I'm struggling with this precisely because we are in this mess because I didn't express my emotions.
I have another idea.
I can send the email (I should do it tonight) about dividing up stuff. Just business.
Then, one more piece of disentangling: we signed up as domestic partners thru my workplace twenty years ago. I picked up the form in September, to see what it said about dissolving DP. I should have had both of us sign it and send it in within 30 days.
Well, I certainly wasn't capable of that at that time.
So, what if I send the business email tonight. And send the dissolving DP form with the note about being sorry about all this. So the two things are separate.
I don't think I will get a blast of hate, this is all your fault, blah blah. I expect silence. When I wrote out my heart to him in the first days post-bomb (on the advise of therapists) I had to ASK if he had read it. He responded: "yes, thank you for the thoughts." So, just a non-committal, gee that's great you feel that way, too bad for you answer. I would expect to get that or nothing, most likely nothing. Especially if I preface it with: I don't expect a reply; this is for me.
Spending WAYY too much time thinking about him/her. Having found out that she is still not working (from his mom) I then went into thoughts of him signing her up for health care coverage thru his work. Bigamous in a way, no? As my workplace still thinks we are together!

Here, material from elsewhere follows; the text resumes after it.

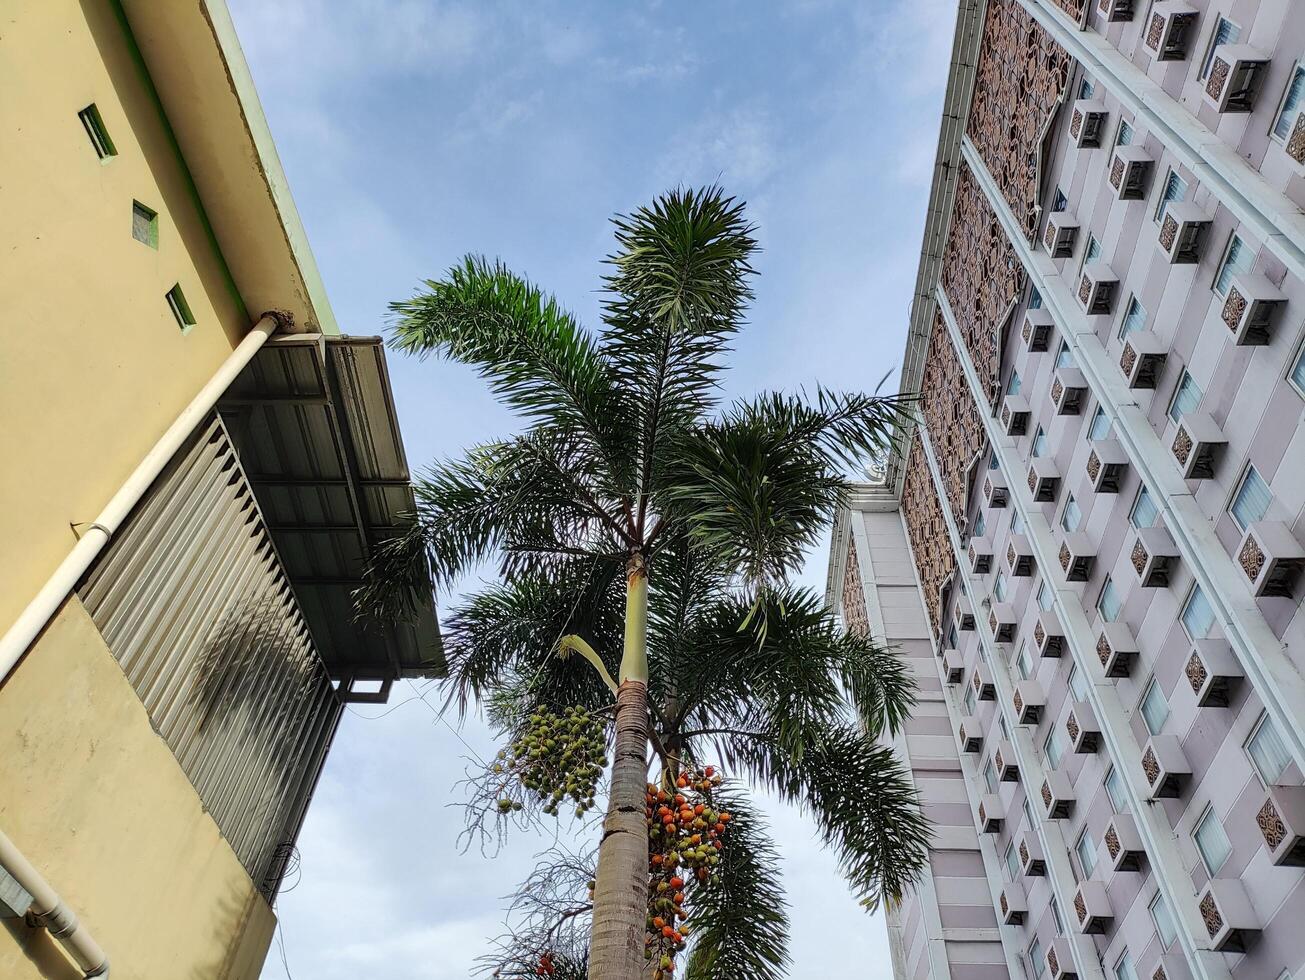 baixo ângulo Visão do Palma plantas em pé alta entre a edifícios foto

I got him off all beneficiary things, so in no way is my workplace responsible if he falls under a truck, so legally I think I am OK, though legally I should have submitted the dissolution of DP status months ago.
So--what's your feedback? A business like email; a letter with the DP form saying some heart stuff.
I have been a crying mess the past week anyhow--wow, this is another stage of grief, hitting me like a brick fricking wall--how much worse can it get?
I SO appreciate your caution about opening myself up to hurt.